Logan Taylor, the child of the first wife, contends that under the provisions of the deed of trust to Lape the whole estate, at his father’s death, passed to his children, or that his father had no interest in the trust estate, he dying before the equalization was made or the estate of the grantor settled and his debts paid.

We have set forth so much of the deed of trust as affects the question involved, and it seems to us it is plain, by the terms of the deed, that Barry Taylor, the son of the grantor, took a vested interest in the one-half of the one-sixth of the estate and a *571life interest in the other half. The languagé used is plain and unambiguous, and made still more so by subsequent provisions of the same instrument. His purpose was to secure one-half of Barry’s interest to his (Barry’s) children at his son’s death, and this having been done by giving Barry, as to this half, a life interest, the grantor then provides that when the matter of advancements is settled the estate will be divided into six equal parts, and invested for and paid over to my children, and the children of my son James and their mother, in the same manner as provided in the accounts of equalization. Now the provision in reference to the accounts of equalization gives one-half to Barry in fee and the other half to him for life, remainder to his children.

The deed further provides that uif at the time the equalization takes place any of my children are dead, no investments will be made for their children, but the amounts coming to them will be paid to each in ■equal portions.” His object was to secure the one-half to Barry’s children, and, therefore, he required the investment of this one-half to be made by the trustee, .giving to Barry an estate for life with remainder to the •children, but Barry having died, no investment was necessary or required by the trust, because in express terms it is stated that no investment in that event is to be made, but the sum to be invested only if Barry .should be alive.

The object of the trust in securing the one-half interest to the child of the deceased son or daughter having been accomplished, there was no necessity for the investment. . .

*572The grantor further provided by this trust, to enable-his children to live, that the trustee should pay over to the children annually the sum of two thousand dollars each, as they will need money before distribution and investments can be properly made.
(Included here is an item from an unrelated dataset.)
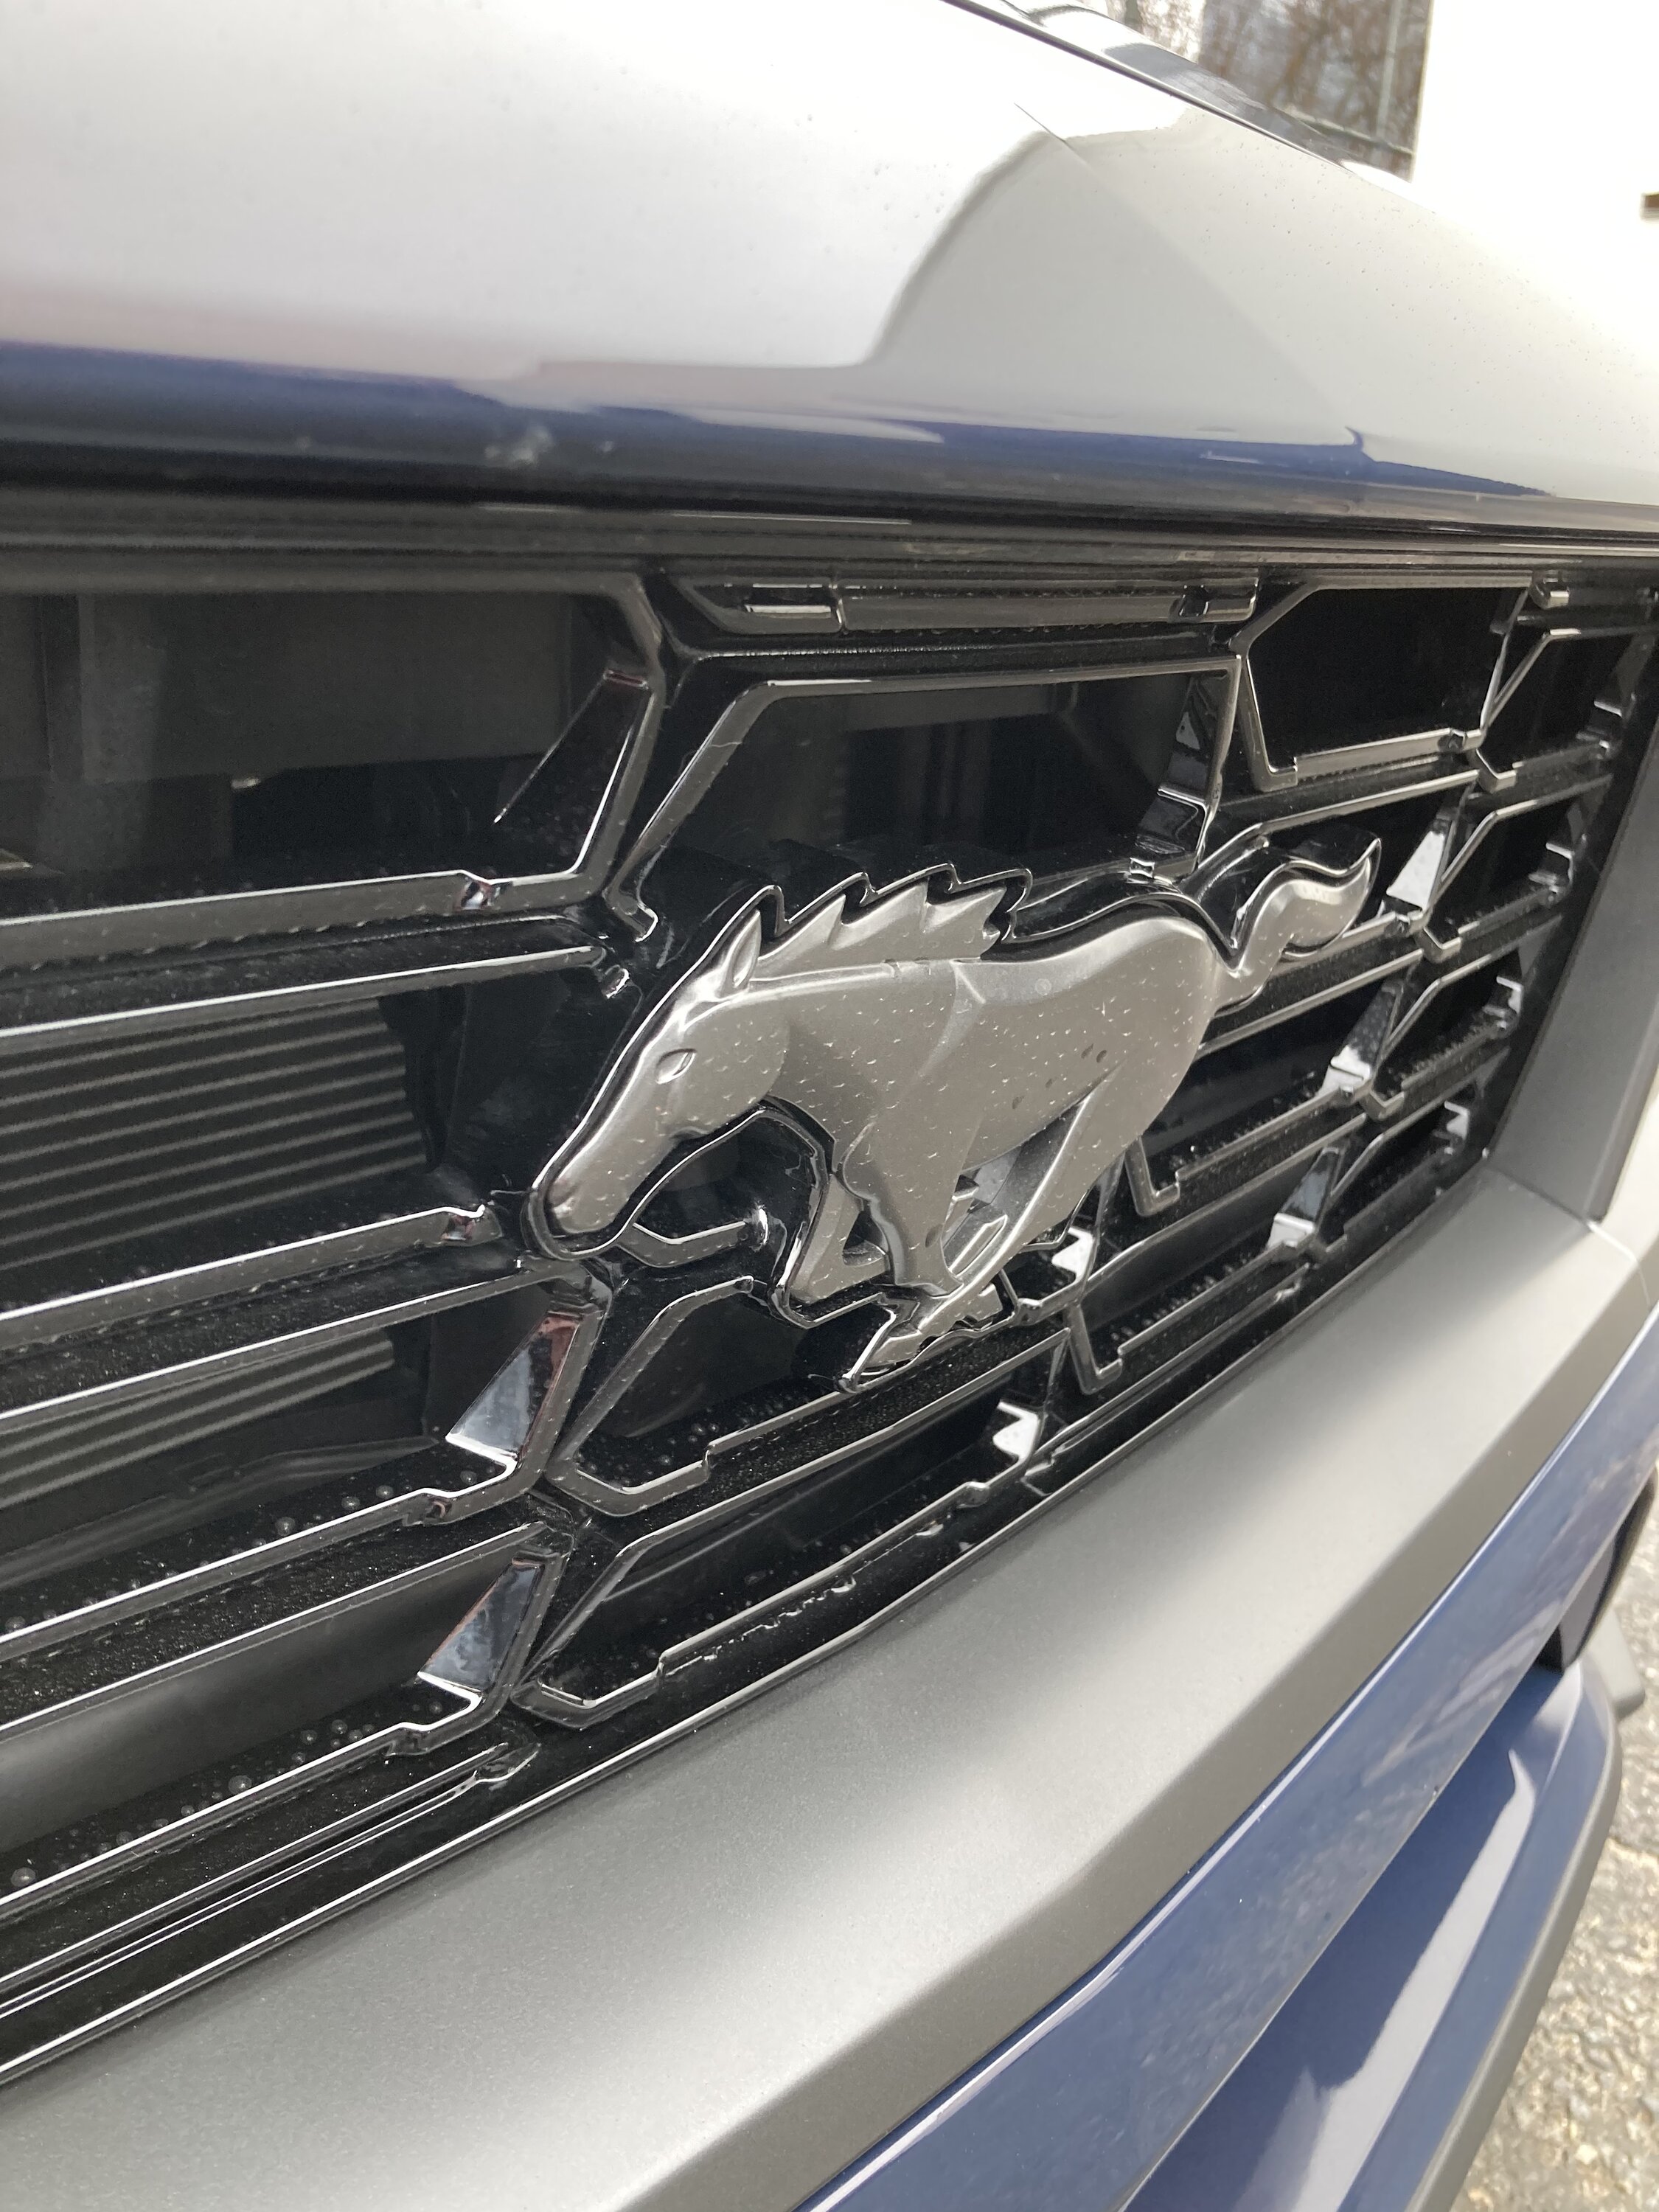 S650 Mustang Video: First Listen of Dark Horse Mustang WOT Driving on Public Roads + Blue Ember / Grabber Blue in Natural Lighting AFCD2EAD-2226-4FD0-BD12-AA221D931530

The grantor evidently supposed that much time would elapse before his large landed estate could be sold, and before an account of advancements could be taken, and, therefore, required the trustee to pay over to the children this two thousand dollars annually.

The right of Barry Taylor to demand of the trustee Lape, his (Barry’s) half of the one-sixth interest, could not arise until the debts of the grantor were settled and the account of advancements made. These matters the trustee had to ascertain, and before he could distribute, but this did not make the interest of Barry in the one-half of the one-sixth contingent. It was a vested interest, to be received into possession and enjoyed after the happening of certain events that must take place. A devise, to the son of one-half of an estate to be paid over when the estate is settled and debts paid vests in the devisee an absolute estate. The time of possession is only postponed and nothing more.

It has been said by both Blackstone and Kent, and often quoted, that “it is not the uncertainty of enjoyment in the future, but the uncertainty of the right to that enjoyment,* which makes the distinction between a vested and contingent interest.”

The chancellor, in our opinion, properly held that Barry Taylor had a vested interest in the one-half *573of the one-sixth, of the estate, and could, therefore, devise it. The fact that the grantor had provided in his will for the child of Barry by his first wife can not affect the construction given the trust deed. The other provisions of the trust must alone control, and the child by the first wife, Logan Taylor, takes only an interest with his half-brothers in the one-half of the one-sixth that was held by their father for life. (Mercantile Bank of New York v. Ballard’s ass’ee, 83 Ky., 481.)